ZTEST(testsuite, test_name_of_testcase)
{
    ztest_probe_power(2000000, 1, 3);
}

ZTEST_SUITE(testsuite, NULL, NULL, NULL, NULL, NULL);

pytest:

def test_foo(dut: DeviceAdapter, request):
    powershield_device = request.config.getoption("--powermonitor")
    PM_Device = PowerMonitor()
    PM_Device.setup(power_device_path = powershield_device)
    while True:
        lines = dut.readlines() 
        # Find the line containing 'measure_power'
        measure_power_line = next((line for line in lines if 'measure_power' in line), None)
        if measure_power_line:
            parts = measure_power_line.split()
            # Extract the values
            command = parts[0]  # "measure_power"
            duration = int(parts[1]) /1000000 # us
            print(duration)
            value2 = int(parts[2])  # 
            value3 = int(parts[3])  # 

            PM_Device.measure(measure_unit = PM_Device.power_monitor_conf.MeasureUnit.Power, time=duration, reset=False)
            print(f"Power: {PM_Device.get_measured_data(unit = PM_Device.power_monitor_conf.MeasureUnit.POWER)} [W]")
            break
        else:
            print("measure_power not found.")

Unfortunately, I found a limitation in the onboard power monitor's firmware. Each 'start' command resets the target and starts the measurement, so it can't be triggered during the application. I need to find another solution.

In that case, could the current measurement not be started and running constantly in the "background"? We don't need to actually start it only when we care about the samples right?

That was my first thought.
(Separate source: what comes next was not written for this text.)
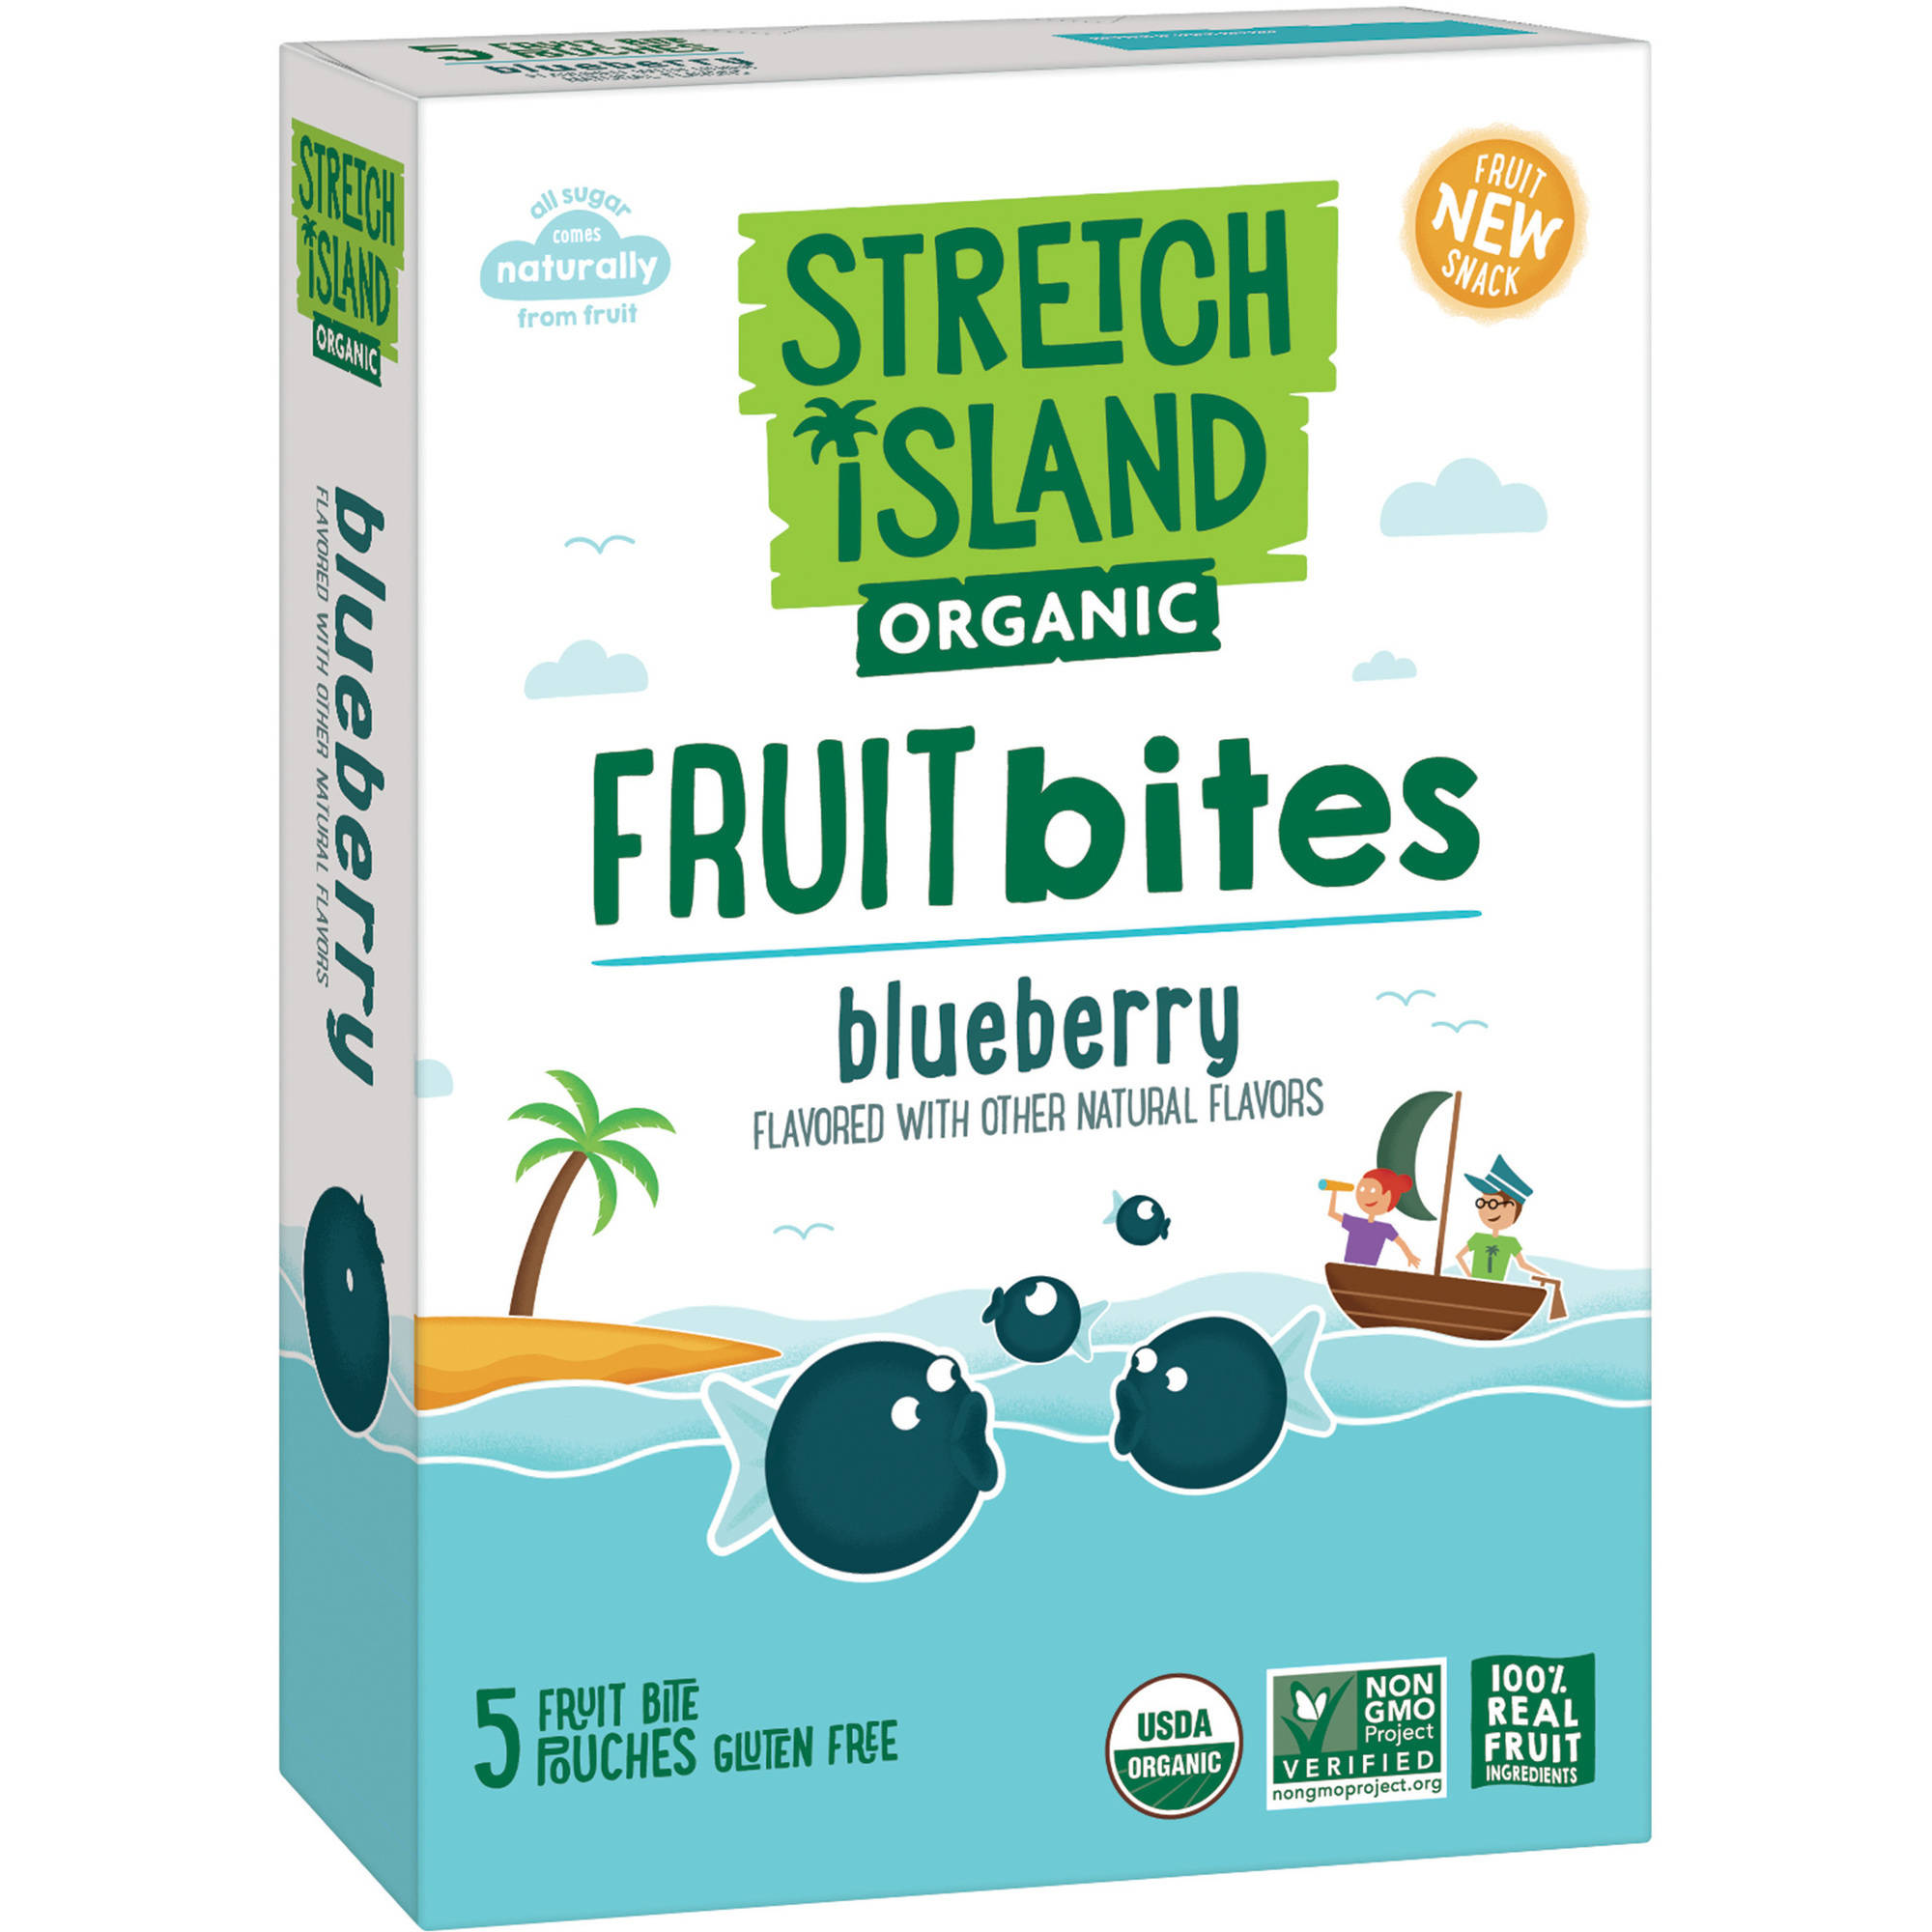 (2 Pack) Stretch Island Organic Blueberry Fruit Bites, 0.7 oz, 5 count

WIP. :)

[bjarki-andreasen]

Also, we could write a zephyr sample application which uses an on-board ADC for power measurement, our own "in-house" power probe firmware :)

it is difficult, for power measurement, we need some additional circuits, now only lpcxpresso55s36 has such circuits on board

We have devicetree models like voltage-divider, I would think we could add shunt-resistor or current-shunt-resistor or something to convert voltage to current :) some boards do have shunt resistors, or at least a very obvious jumper to replace with shunt resistor

[gbarkadiusz]

Also, we could write a zephyr sample application which uses an on-board ADC for power measurement, our own "in-house" power probe firmware :)
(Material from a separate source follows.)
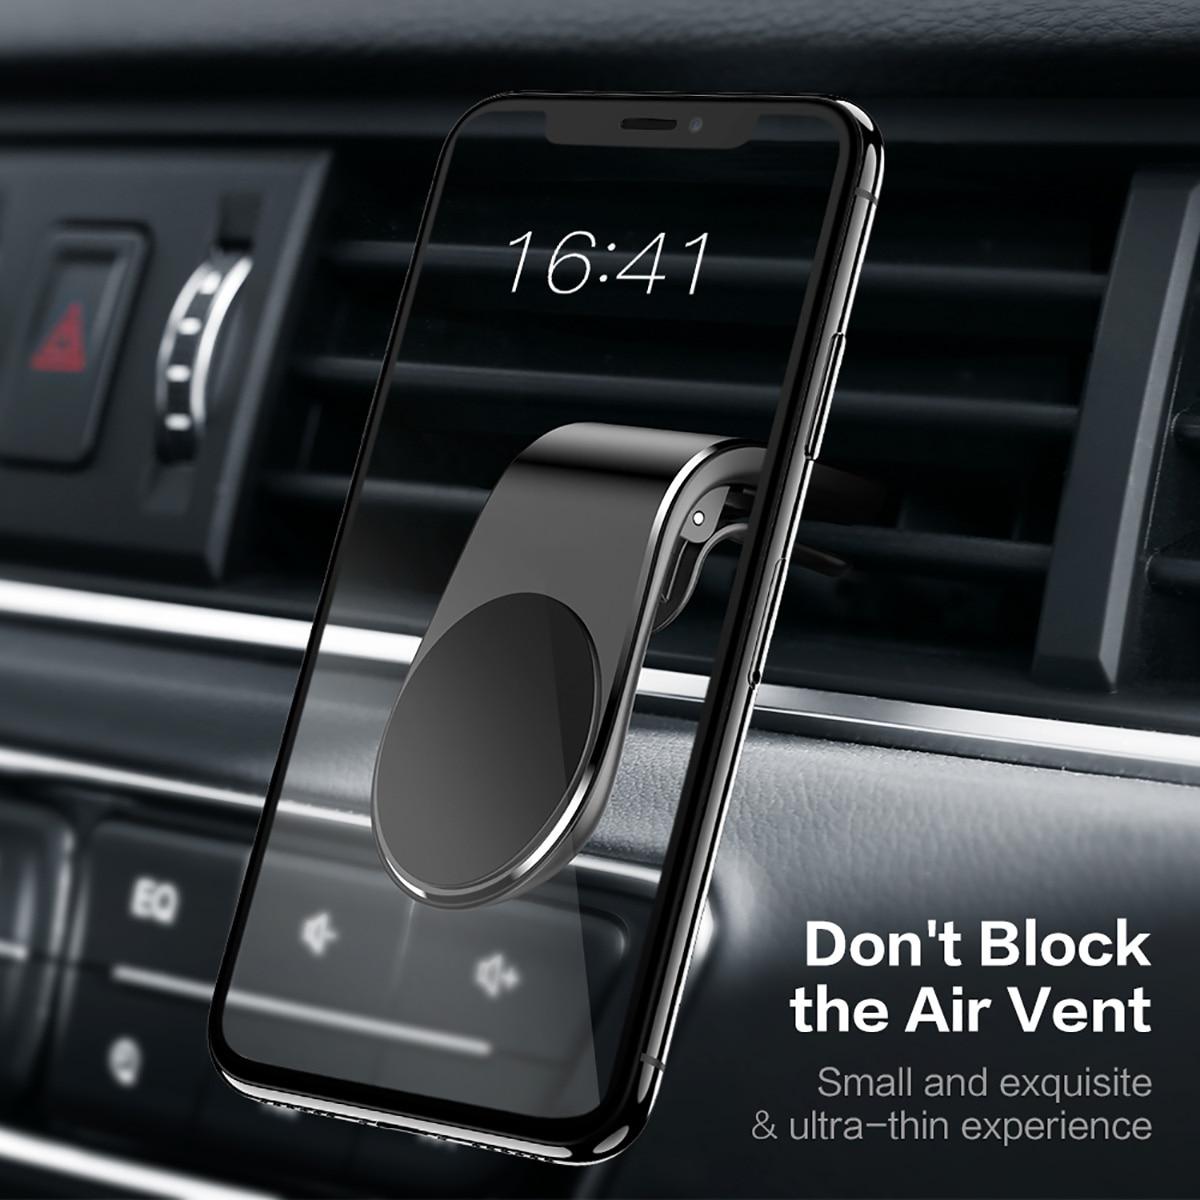 HTB1IQUUX21G3KVjSZFkq6yK4XXaz - Minimalist Magnetic Car Phone Holder

it is difficult, for power measurement, we need some additional circuits, now only lpcxpresso55s36 has such circuits on board

We have devicetree models like voltage-divider, I would think we could add shunt-resistor or current-shunt-resistor or something to convert voltage to current :) some boards do have shunt resistors, or at least a very obvious jumper to replace with shunt resistor

The problem is rather, the adc is not working in low power state.

[bjarki-andreasen]

Also, we could write a zephyr sample application which uses an on-board ADC for power measurement, our own "in-house" power probe firmware :)

it is difficult, for power measurement, we need some additional circuits, now only lpcxpresso55s36 has such circuits on board

We have devicetree models like voltage-divider, I would think we could add shunt-resistor or current-shunt-resistor or something to convert voltage to current :) some boards do have shunt resistors, or at least a very obvious jumper to replace with shunt resistor

The problem is rather, the adc is not working in low power state.

The https://www.nxp.com/docs/en/user-manual/UM11673.pdf is a standalone device, so it will be running a completely different firmware than the DUT, its not measuring itself :)

By on-board, I at least mean ADC on separate device used as probe, not ADC on the same board, that would be really challenging, especially since ADCs are not exactly the least power hungry peripherals themselves.